Censor Dispenser Challenge Project (Python)

So you’d have an original string. Make replacements. You’d now have a new string. To the new string, make replacements. Repeat until you’re through with all your replacements. Hand the last result to whoever asked for it.

It’s only discarded because you’re not doing anything with it.

I see, thanks ionatan

Can I ask please, how do we know when to use 1,2 or 3+ variables in a function?

I’ve been writing the functions according to codeacademy but when given no specific instructions I am not sure how many variables I would need to use.

def censor_two(input_text, censored_list):
  for word in censored_list:
    censored_word = ""
    for x in range(0,len(word)):
      if word[x] == " ":
        censored_word = censored_word + " "
      else:
        censored_word = censored_word + "X"
    input_text = input_text.replace(word, censored_word)
  return input_text

Here they have used 2, how do I know to use 2 without them telling me so.

There are like… 6 local variables in that function, maybe you mean parameters in which case you’d need to ask yourself what the input is and how many things that is. You get that by considering what you’re at all doing.

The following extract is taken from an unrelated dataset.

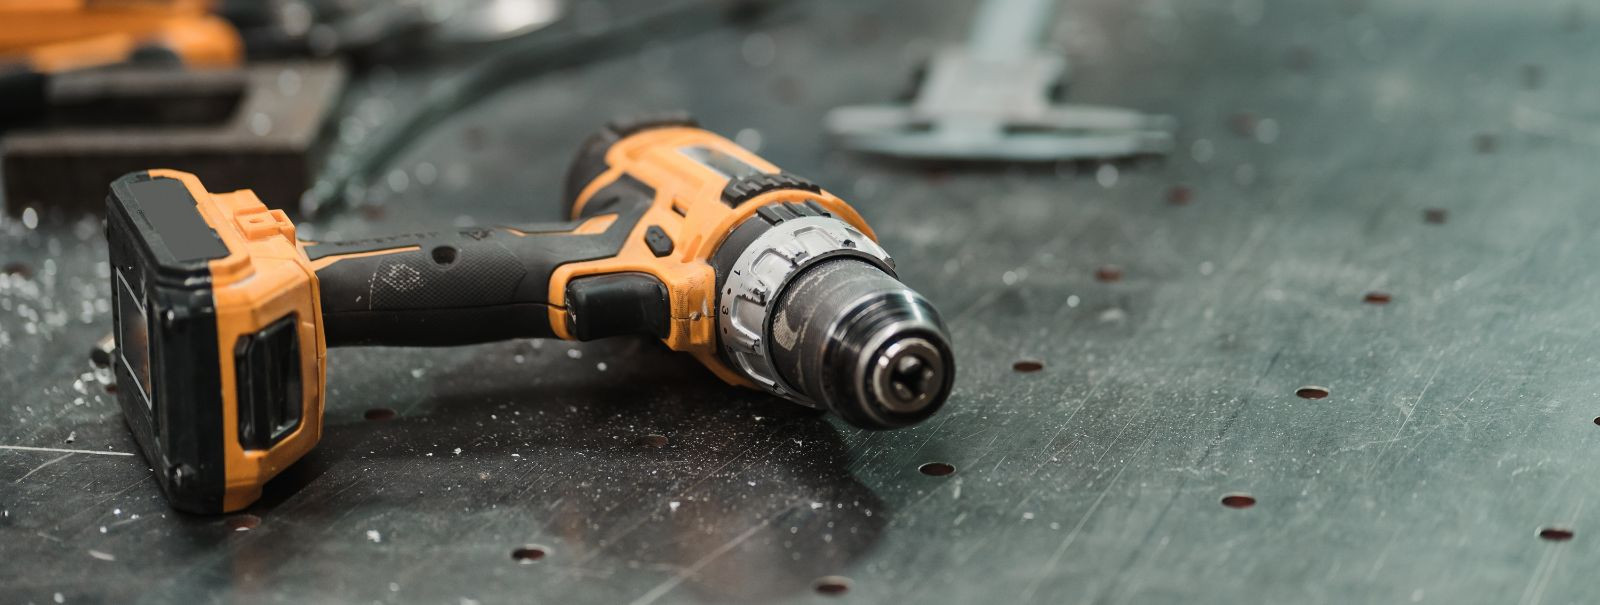 Advanced drill motors are the heart of modern drilling equipment, designed to deliver superior performance in the most demanding construction environments. Thes

Not the most elegant solution I believe, but it worked with everything I threw on it :slight_smile:
cheers guys <3

Took me a while to complete this project :thinking:, please let me know if there’s something I can improve, and hopefully my codes will help you in some way. :grinning:

Hello, everybody

Here is my take on this challenge. Still, I have work to do like handle upper & lowercase and have better identification of words within words; however, it fulfills the tasks.

If there are any comments will be great to have feedback.

I updated the code including upper, lower and Title case handling

Hello,
One question about tour code.
for code block 2 referring function for email_two.
What the purpose of next syntax? Especially this element “[0]”
objectLst = [’’]
objectLst[0] = textToScan

I may be “off base” here but I placed the string textToScan in the list as the first list element because in python strings saved to variables are immutable, but strings as list elements are not. the element objectLst[0] is referring to the empty string at the 0 index of the list, the one I defined with objectLst = [’’]. not to suggest you weren’t aware, but just in case list indices begin at zero: in a list with five elements the indices are 0 to 4, with 0 representing the first element and 4 the last. as to why I didnt just write objectLst = [textToScan], well, I’m not a great lateral thinker.

Thank You for response.

1 Like

Hi. I’m on my first study in coding here. Just out of 25% of the Computer Science path. I’m trying to use only what has been shown to me so far.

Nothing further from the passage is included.